WHAT YOU NEED TO DO ::
From the records that follow, return exactly the lines beginning at the one that contains "Christian Louboutin Louis" and ending at the one that contains "The Falls Hotel", pictures left out.

AVAILABLE RECORDS ::

Segment Open

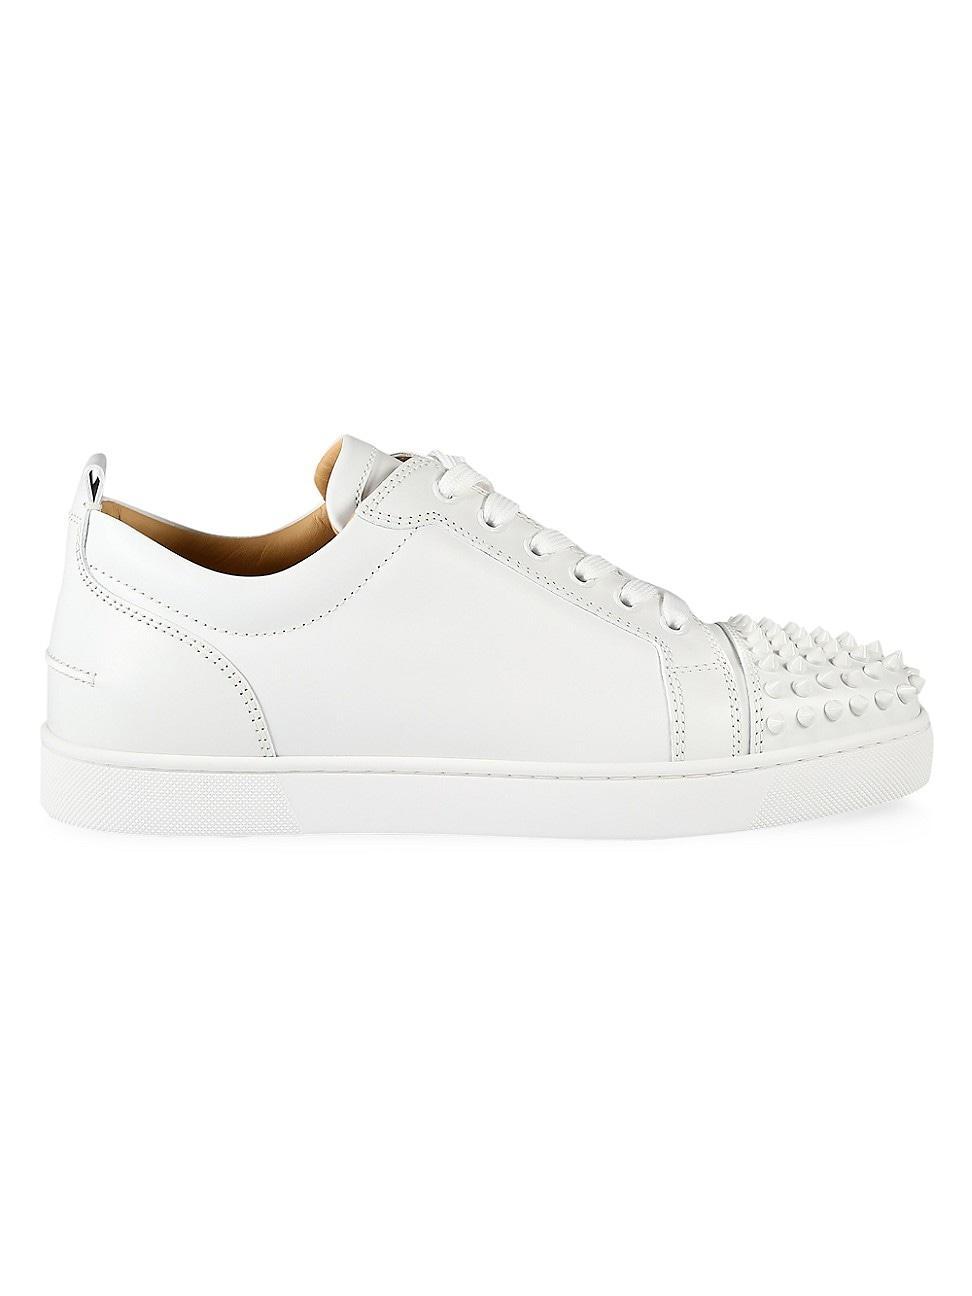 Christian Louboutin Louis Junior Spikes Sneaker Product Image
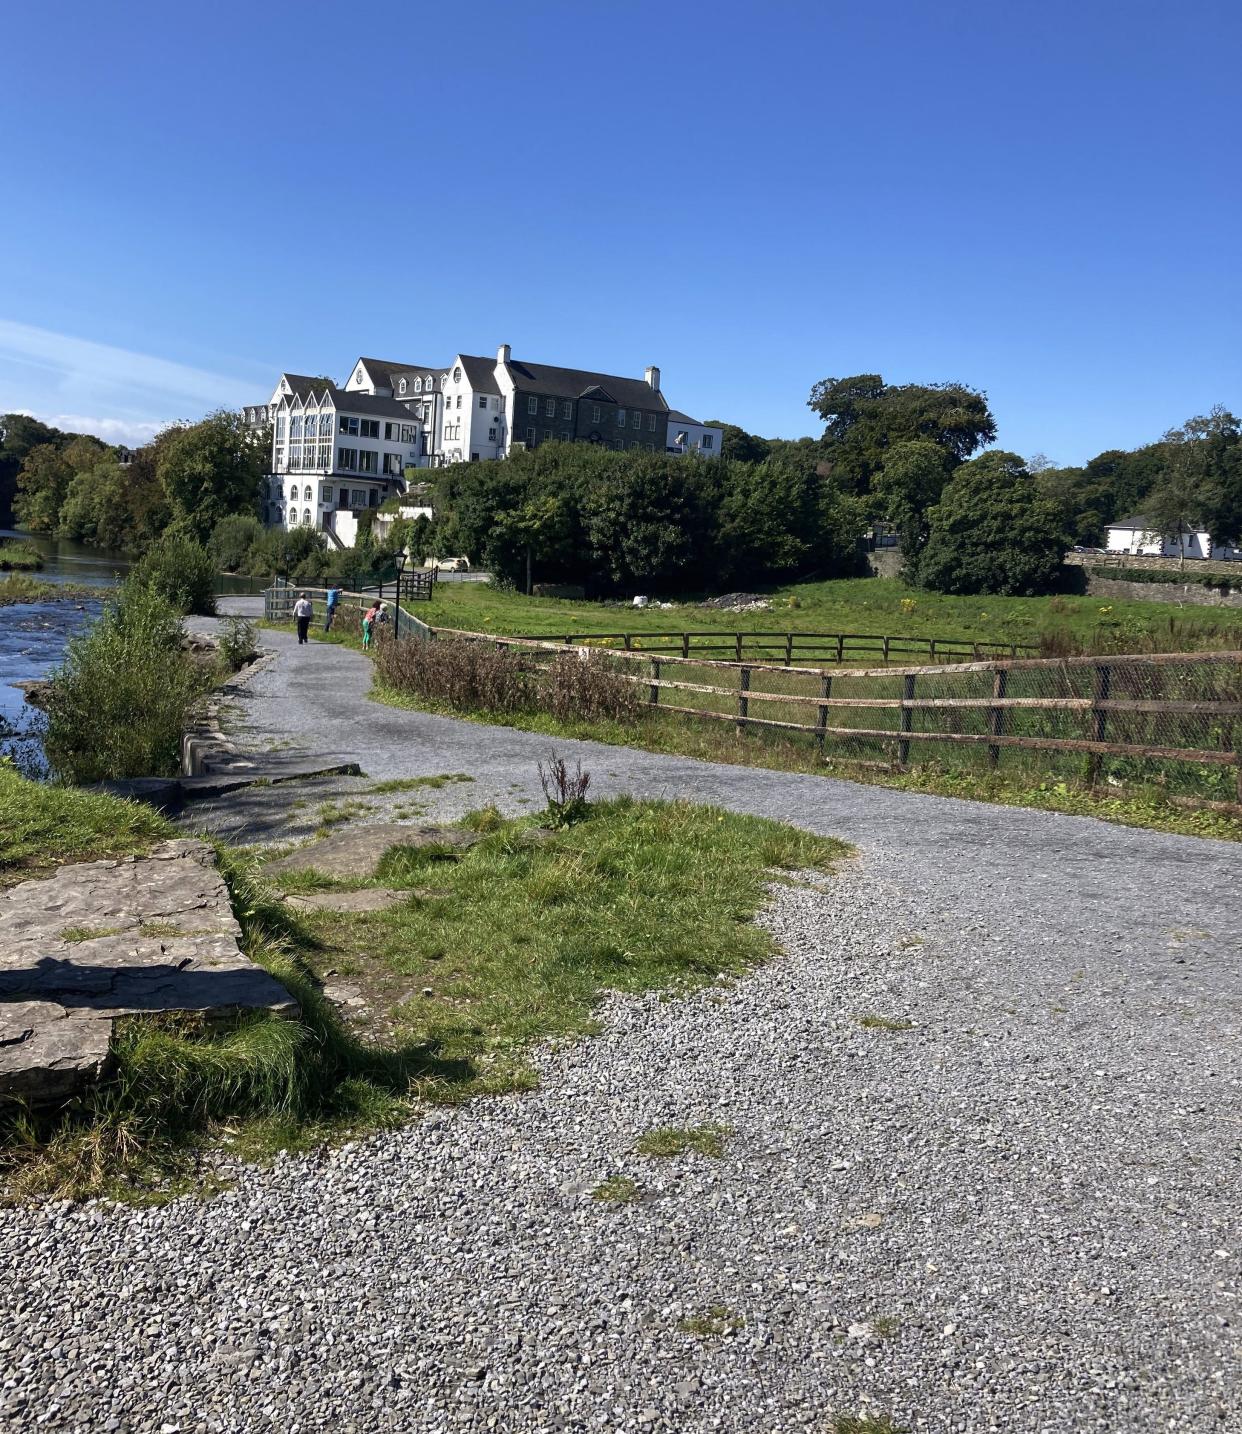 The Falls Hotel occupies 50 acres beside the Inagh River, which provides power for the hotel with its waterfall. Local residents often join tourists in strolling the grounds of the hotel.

Segment Closed
Segment Open

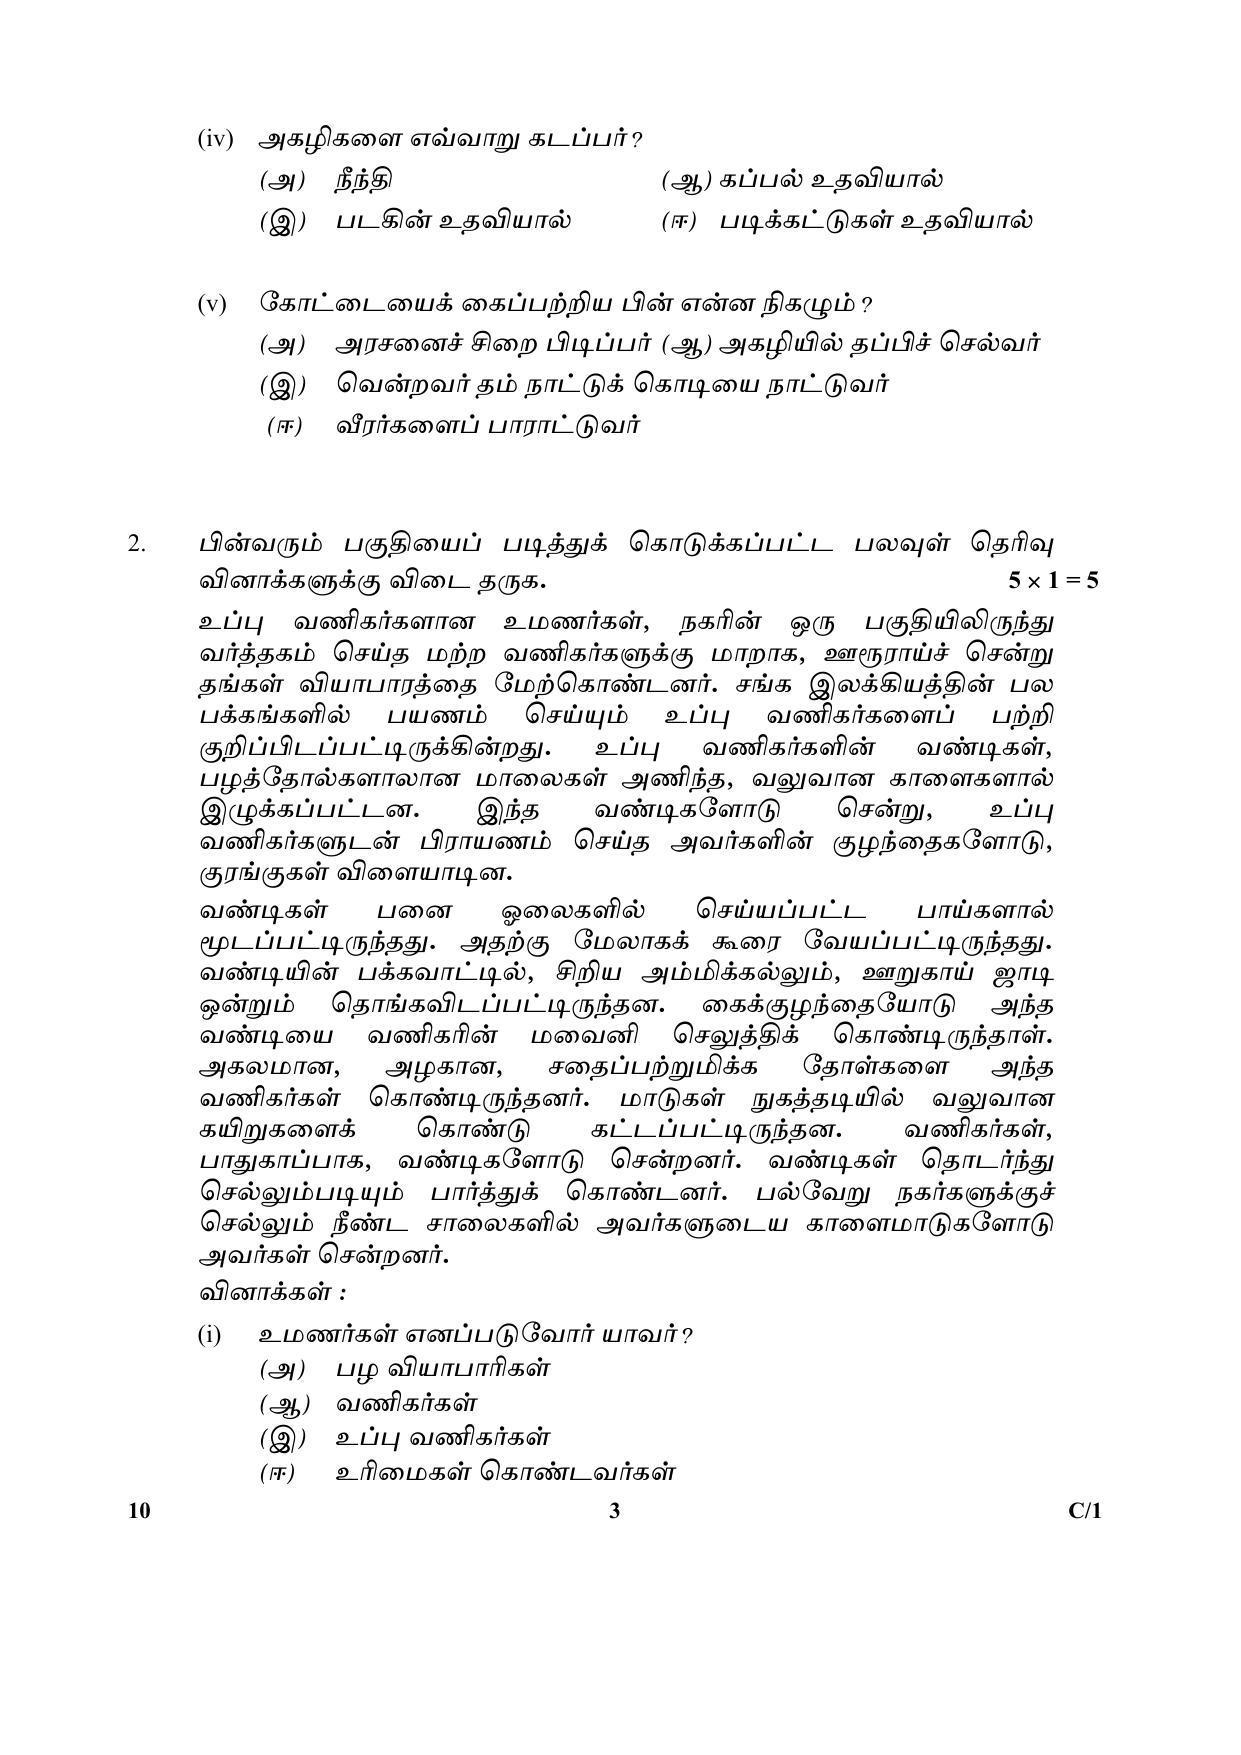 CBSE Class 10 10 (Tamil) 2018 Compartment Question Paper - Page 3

Segment Closed
Segment Open

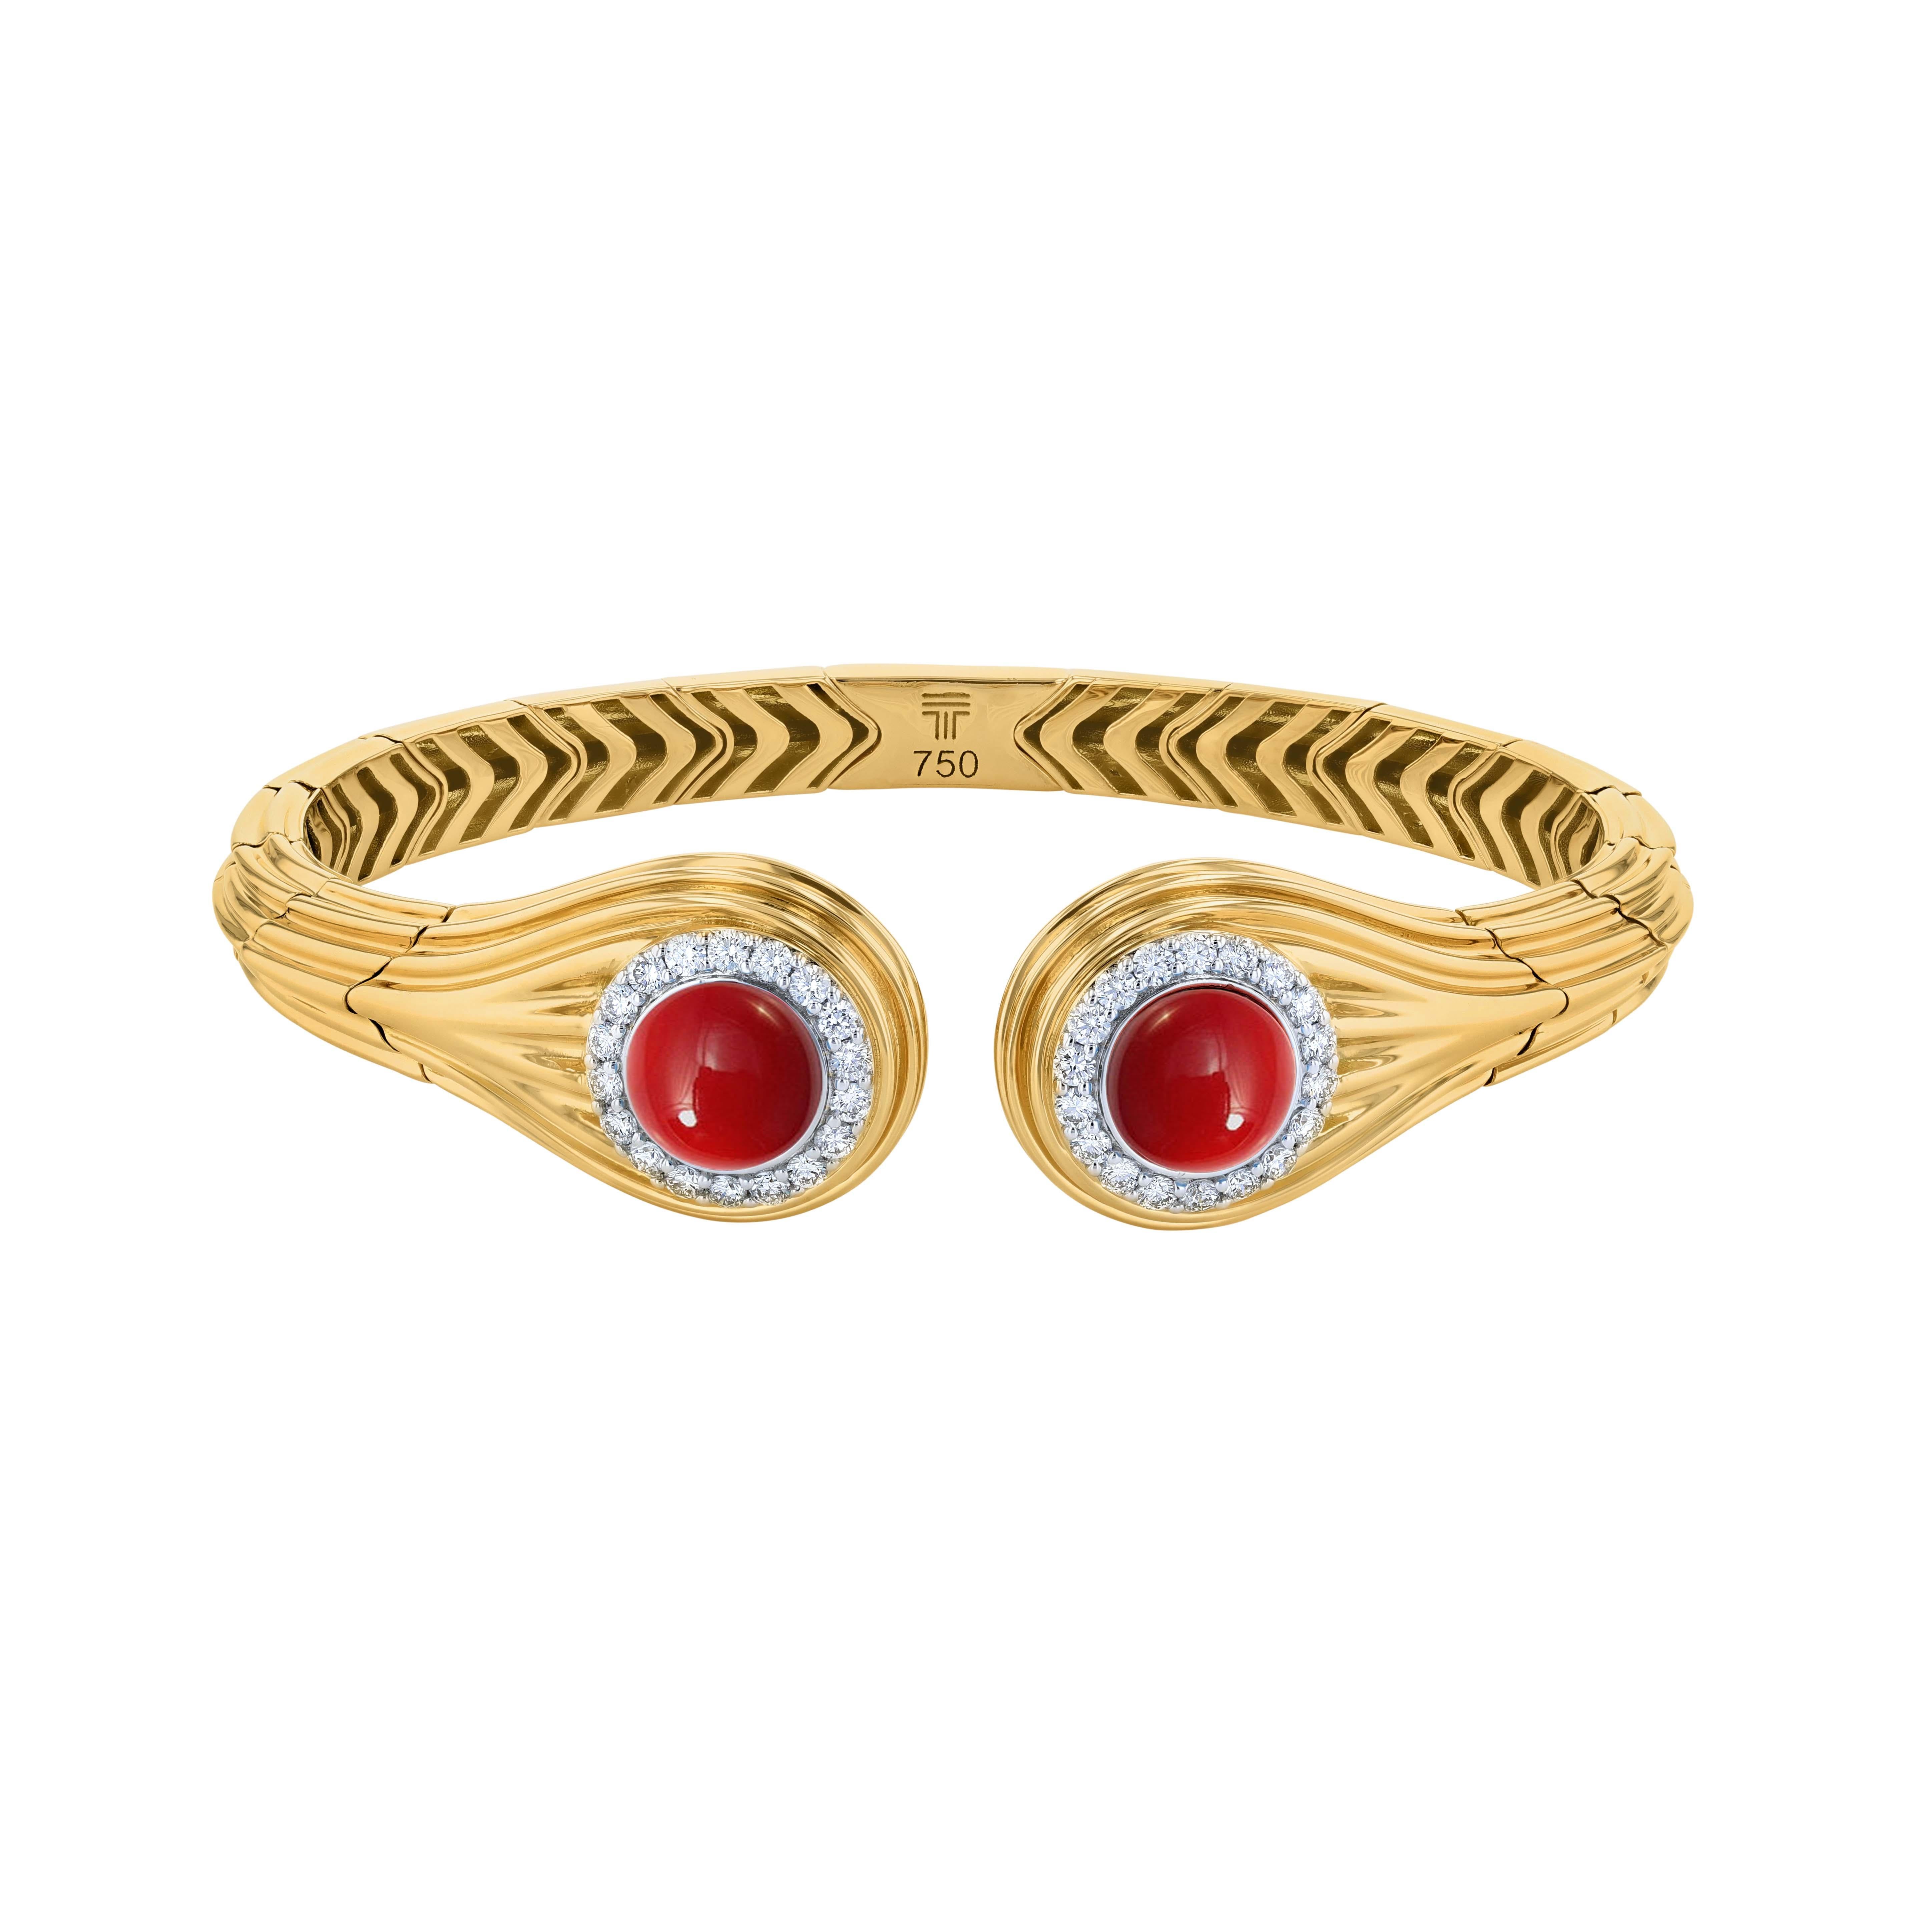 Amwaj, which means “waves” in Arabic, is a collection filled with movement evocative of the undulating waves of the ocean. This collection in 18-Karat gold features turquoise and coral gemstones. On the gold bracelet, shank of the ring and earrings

Segment Closed

YOUR RESPONSE ::
 Christian Louboutin Louis Junior Spikes Sneaker Product Image
 The Falls Hotel occupies 50 acres beside the Inagh River, which provides power for the hotel with its waterfall. Local residents often join tourists in strolling the grounds of the hotel.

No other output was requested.